Artikel 10. Waardering & afschrijving vaste activa

Het dagelijks bestuur draagt zorg voor een actueel beleid voor het activeren, waarderen en afschrijven van vaste activa. Dit beleid wordt nageleefd en staat beschreven in de jaarrekening in paragraaf “Waarderingsgrondslagen” sectie “Activa”. Nadere toelichting wordt verstrekt in de paragraaf “Toelichting op de balans” sectie “Vaste Activa”. Een separaat beleidsdocument wordt hiervoor opgesteld door de afdeling Financiën.

Artikel 11. Voorziening voor oninbare vorderingen

Voor de vorderingen wordt een voorziening wegens oninbaarheid gevormd op basis van een individuele beoordeling van de openstaande vorderingen en een historisch percentage aan oninbare bedragen van het openstaande saldo van vorderingen ouder dan negentig dagen.

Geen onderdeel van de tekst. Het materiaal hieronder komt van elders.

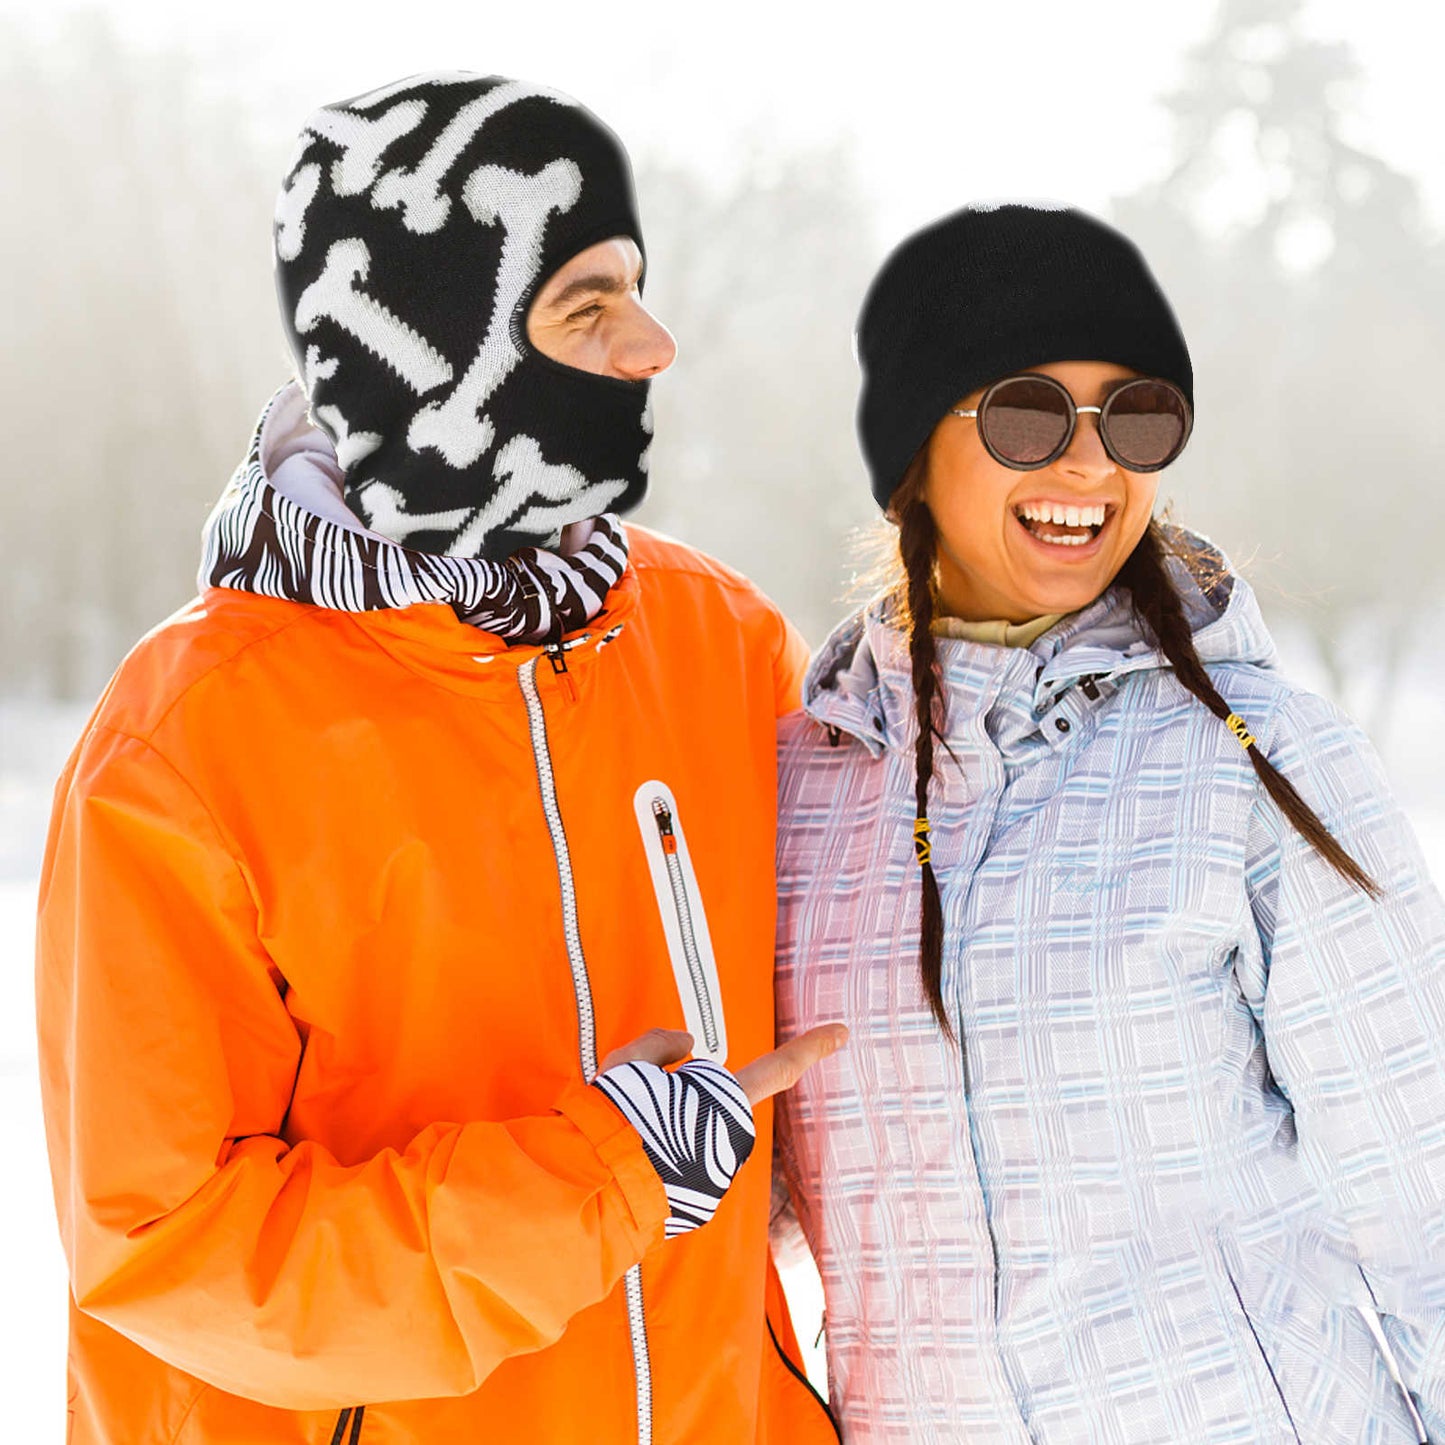 EvridWear 1 Pack Balaclava Face Mask, Thermal Winter Ski Mask for Cold Weather, Men Women (Bone)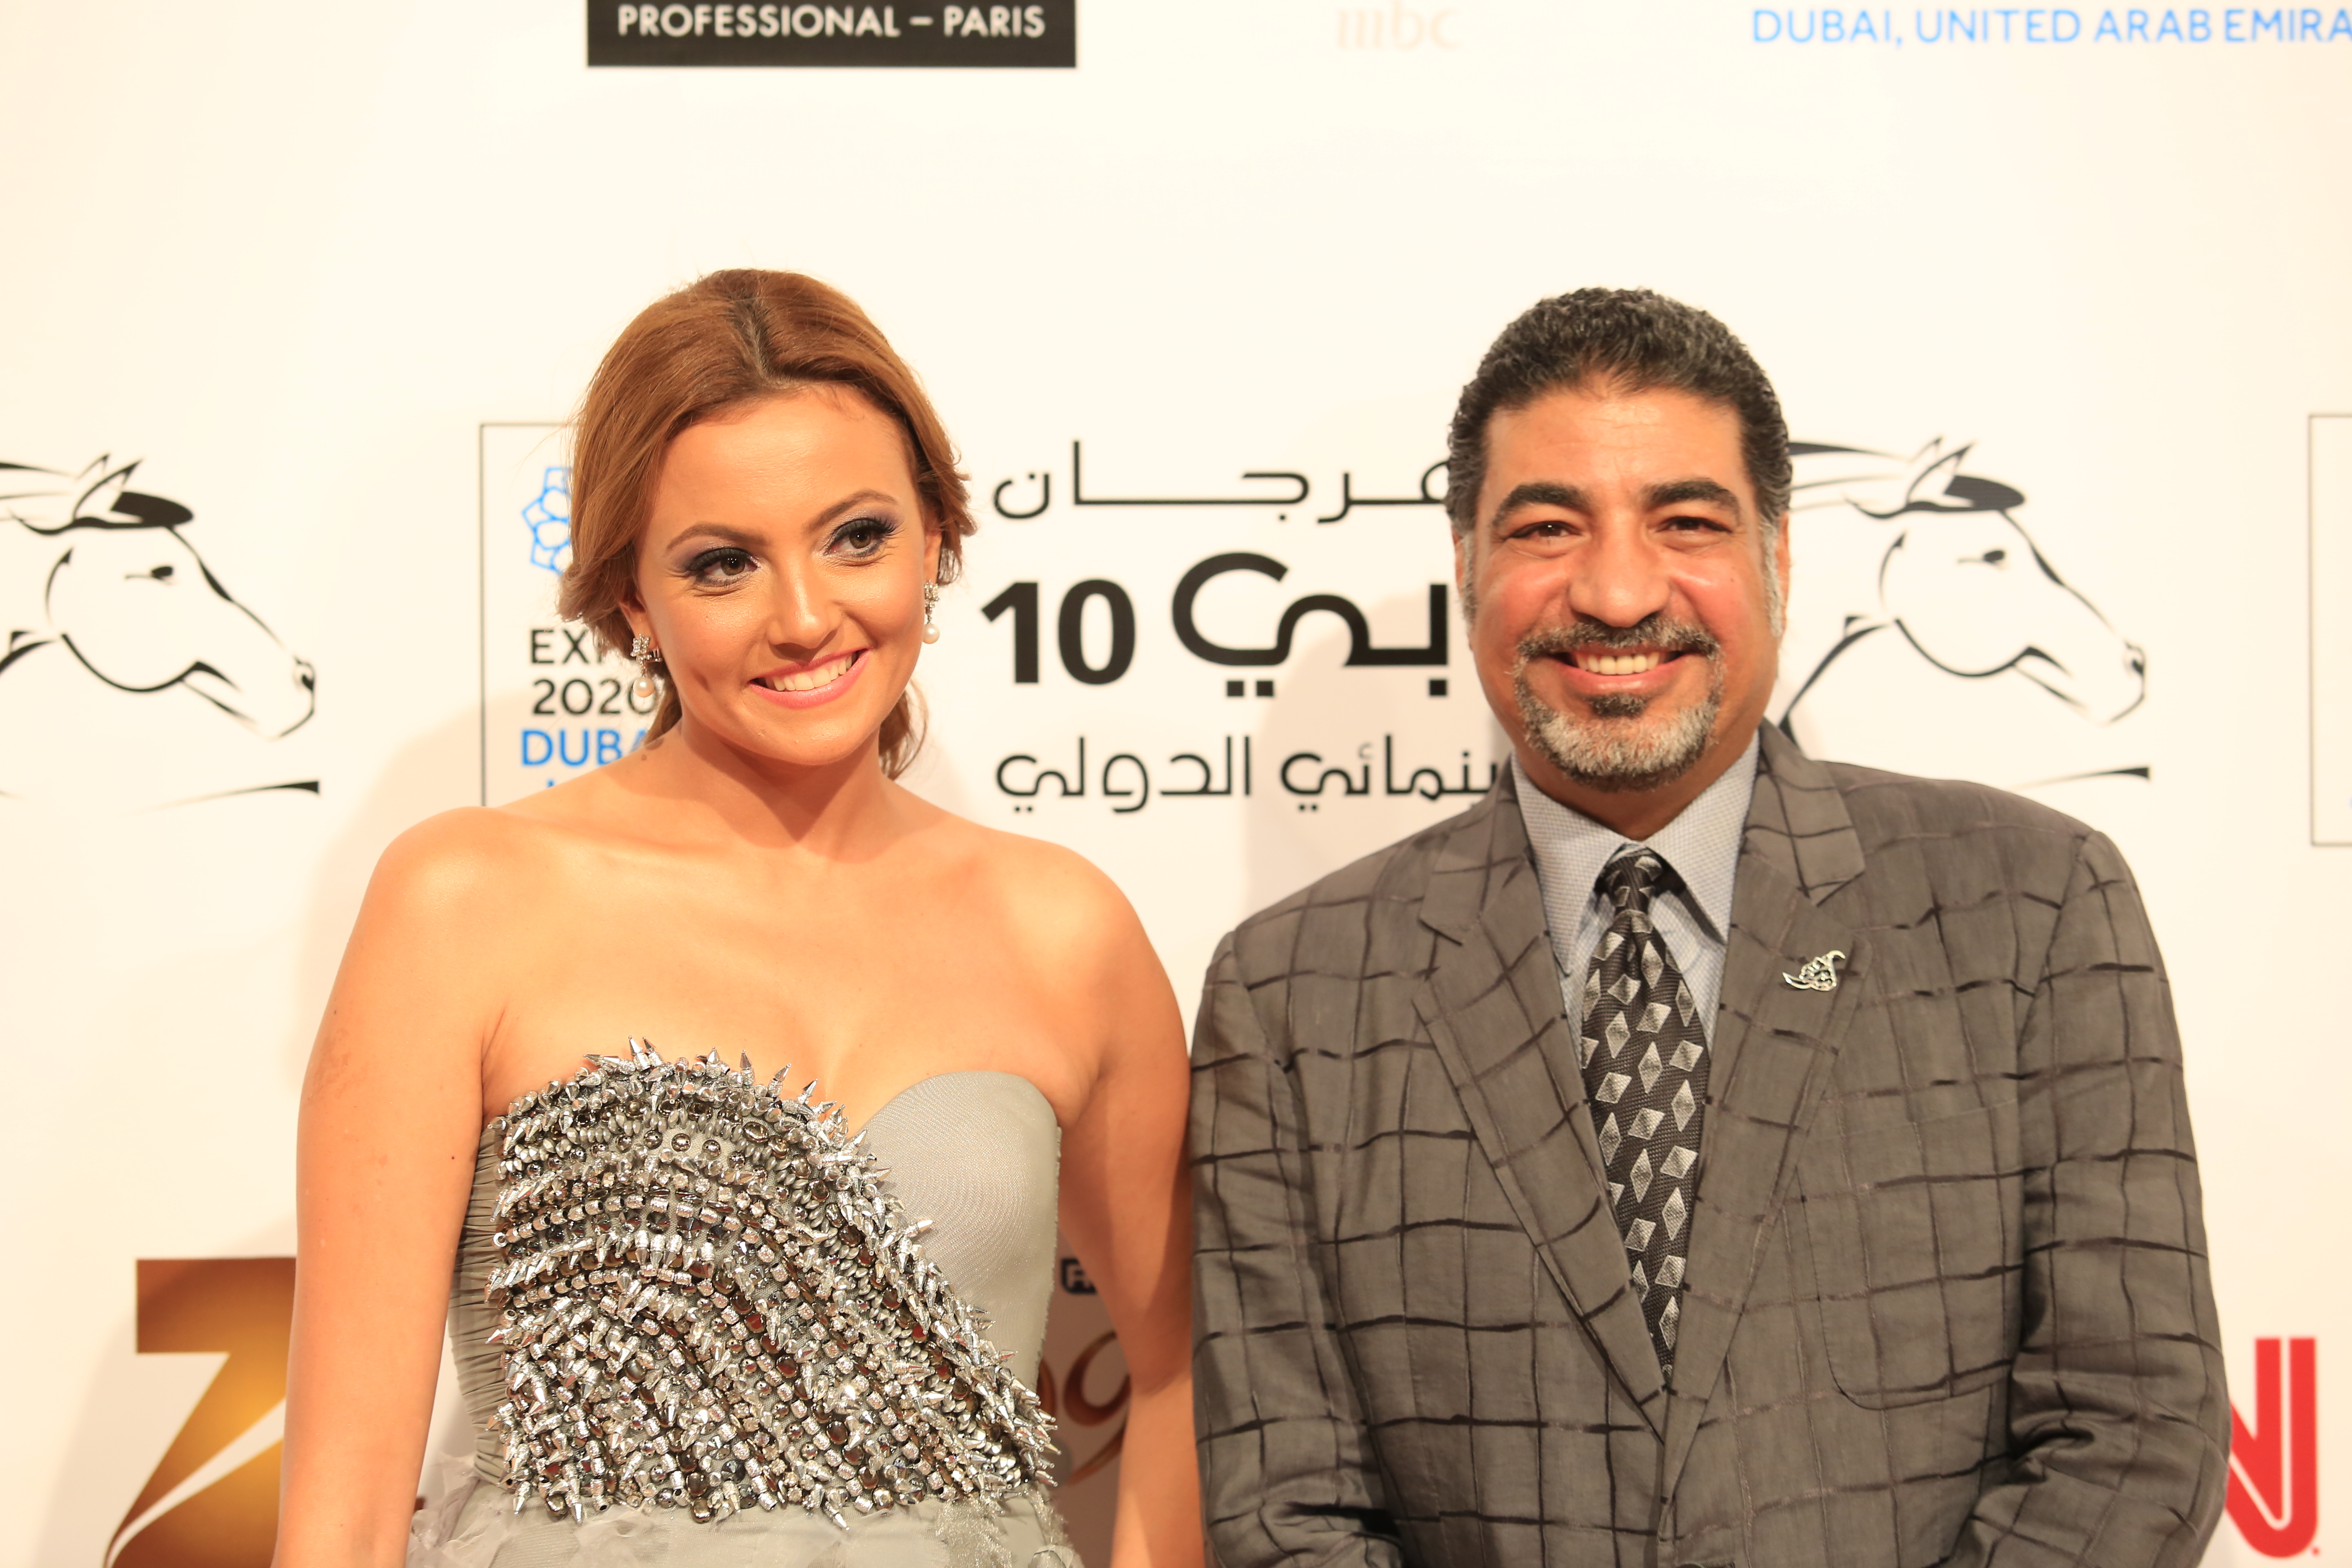 Sayed Badreya and Boshra at Dubai International Film Festival 2013

Artikel 12. Reserves en voorzieningen

  • 1. In de beleidsbegroting, de financiële begroting, het jaarverslag en de jaarrekening vindt geen toerekening van rente over de reserves en voorzieningen aan de taakvelden plaats.

  • 2. Het dagelijks bestuur draagt zorg voor het beleid ten aanzien van de reserves en voorzieningen. Dit omvat in ieder geval:

    • a.

      de vorming en besteding van reserves;

    • b.

      de vorming en besteding voorzieningen;

    • c.

      bij welke specifiek benoemde taakvelden het verschil tussen het geraamde saldo van baten en lasten en het gerealiseerde saldo van baten en lasten mogen worden verrekend met een daartoe in het leven geroepen reserve.

  • 3. Het algemeen bestuur stelt de reserves vast middels de vaststelling van de resultaatbestemming in de jaarrekening dan wel middels een apart besluit. De voorzieningen worden vastgesteld door het algemeen bestuur middels de vaststelling van de jaarrekening.

Artikel 13. Kostprijsberekening

  • 1. Voor het bepalen van de geraamde kostprijs van producten en diensten van de Veiligheids- en Gezondheidsregio Gelderland-Midden wordt een systeem van kostentoerekening gehanteerd. Bij de kostentoerekening worden naast de directe kosten alleen die indirecte kosten betrokken, die rechtstreeks samenhangen met de door Veiligheids- en Gezondheidsregio Gelderland-Midden verleende diensten.

  • 2. Bij de indirecte kosten worden betrokken de bijdragen aan reserves voor de noodzakelijke vervanging van de betrokken activa, de kapitaallasten van de in gebruik zijnde activa.

Artikel 14. Financieringsfunctie

  • 1. Het dagelijks bestuur draagt bij de uitoefening van de financieringsfunctie zorg voor

    • a.

      het aantrekken van voldoende financiële middelen en het uitzetten van overtollige gelden om de programma’s binnen de door het algemeen bestuur vastgestelde kaders van de begroting uit te kunnen voeren;

    • b.

      het beheersen van de risico’s verbonden aan de financieringsfunctie zoals renterisico’s, koersrisico’s en kredietrisico’s;

    • c.

      het zo veel mogelijk beperken van de kosten van de leningen en het bereiken van een voldoende rendement op de uitzettingen;

    • d.

      het beperken van de interne verwerkingskosten en externe kosten bij het beheren van de geldstromen en financiële posities.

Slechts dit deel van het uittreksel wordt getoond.